27th Conference of the Parties to the United Nations Framework Convention on Climate Change (COP27): Make or break a climate-resilient world

Make or break a climate-resilient world

Make or break a climate-resilient world

The Sahara and Sahel Observatory (OSS) took part in the Sharm El-Sheikh 27th Conference of the Parties to the United Nations Framework Convention on Climate Change (COP27), which was convened with the aim of building on the COP26 outcomes and showcasing the climate action. 

The event brought together more than 45,000 participants to share ideas, come up with the adequate solutions and forge partnerships. Indigenous peoples, local communities and the civil society, including women and youth, came to explain how they are addressing climate change and share how it impacts their lives.

Decisions were taken and reemphasized the critical importance of empowering all stakeholders to engage in climate action for the benefit of nature and the populations.

A participation that made it possible for the Organization to note that :

Many expectations are yet to be fulfilled,
Despite the developed country Parties pledge to mobilize jointly US$100 billion per year by 2020, COP27 expressed serious concern that this goal has not yet been met. Developed countries were urged to meet the goal and multilateral development banks and international financial institutions called on to mobilize climate finance. 

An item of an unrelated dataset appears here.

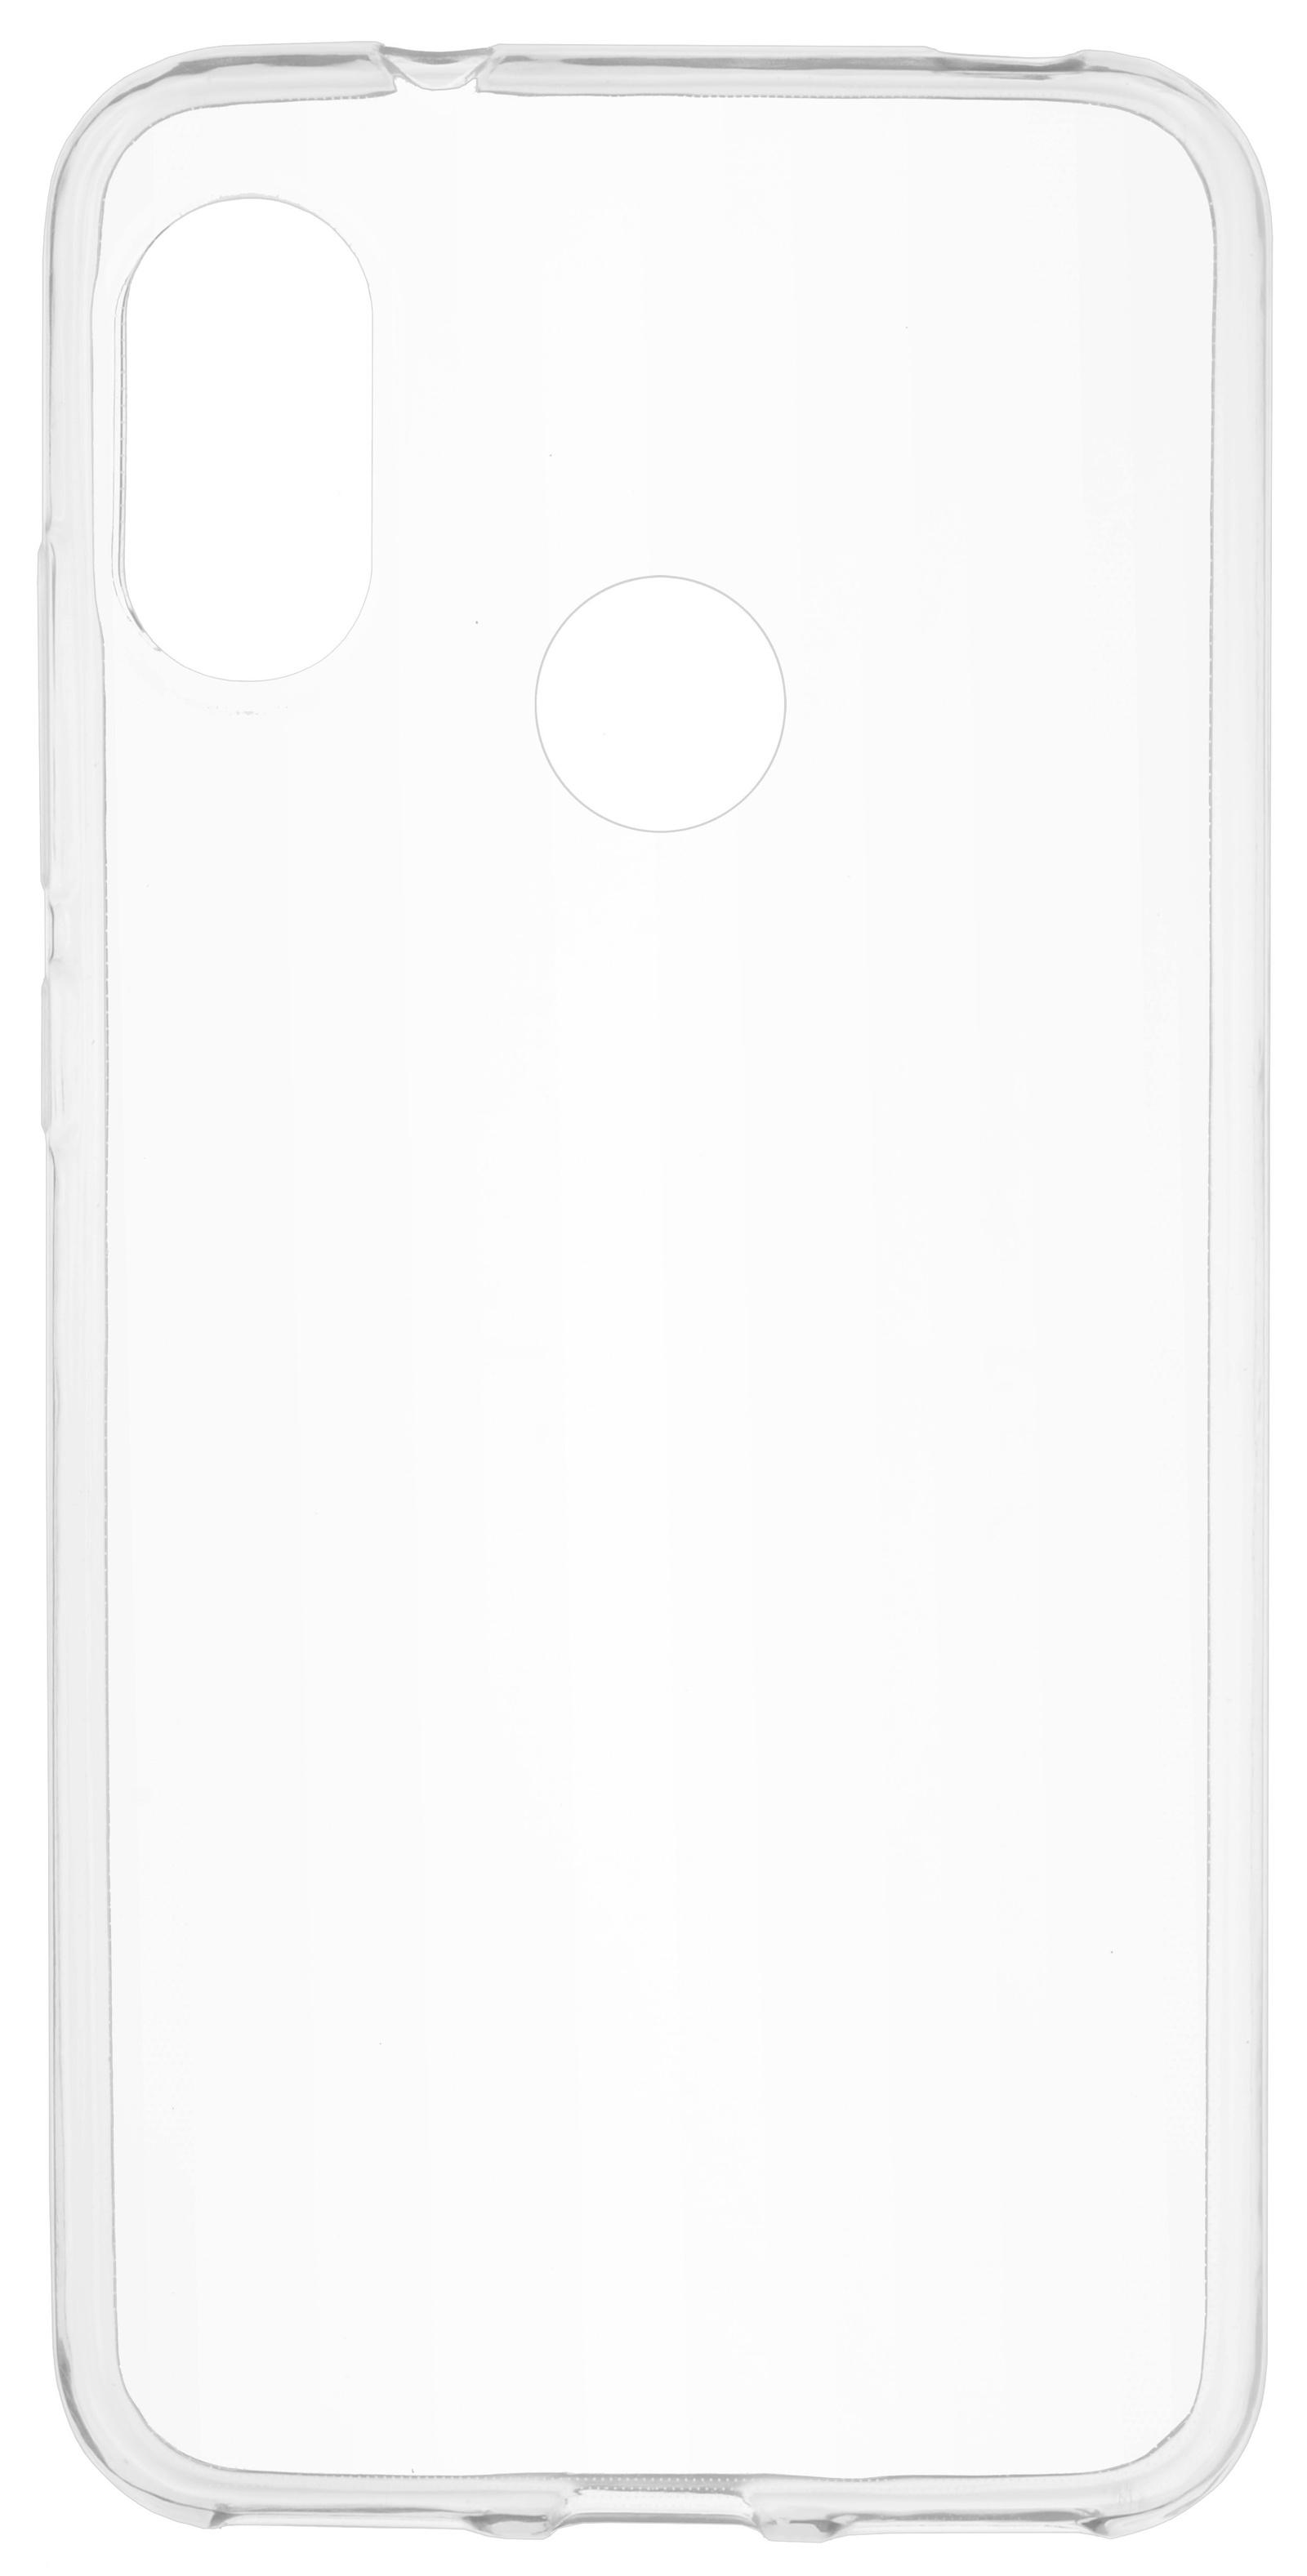 Накладка Skinbox Slim Silicone для Redmi 6 Pro, 4660041406399, прозрачный цена

Even though GHG emissions were expected to be reduced and last year’s agreement at COP26 “phase-down-of-coal” phrase was repeated, it appeared that there was no real progress made on moving away from fossil fuels or cutting fossil fuel emissions since COP26 ; this was considered bad news for a rapidly warming world.

That being said, a handful of positives came out of the event,
COP27 ended with the historic decision of establishing and operationalizing a loss and damage fund for vulnerable countries and the US$230 million pledge to the Adaptation Fund to help vulnerable communities adapt to climate change, an important point of progress.

Besides, a number of announcements for a brighter future were heard, as is the case with the final agreement that highlights that US$4 to US$6 trillion a year needs to be invested in technology and infrastructure until 2030 to reach net-zero emissions by 2050.

The Conference was also the occasion for UNEP to launch the first comprehensive Global Peatlands Assessment in almost 15 years, which stresses their importance to both biodiversity and sequestering carbon and highlights the need to invest more for their preservation.

The UN Secretary-General unveiled a US$3.1 billion plan to make sure that everyone is protected by early warning systems as a plan to speed up the deployment of “transformative” technologies.

The OSS has called for more climate action to Africa,
Africa is the continent hit hardest by Climate Change and its impacts even if it has the smallest share among all world's regions greenhouse gas emissions. 

The OSS, an AF and GCF accredited entity and a connector between the Climate Funds and its members, expressed its aim to see adaptation finance for Africa, become a priority, given its vulnerability to climate change. 

Africa should be at the center of all adaptation plans and should benefit from a substantially increased share of international climate finance flows, given the scale of its adaptation needs and its renewable energy potential.

The OSS called upon the developed countries to deliver on their climate finance promises to support the just transition to a low carbon and climate resilient Africa.

It restated its commitment to fully support the African countries and to place Climate Finance and adaptation on top of its concerns. It also expressed its determination to consolidate its action with a view to identifying immediate actions to be implemented and to including initiatives and programs that can have a transformative impact on the continent.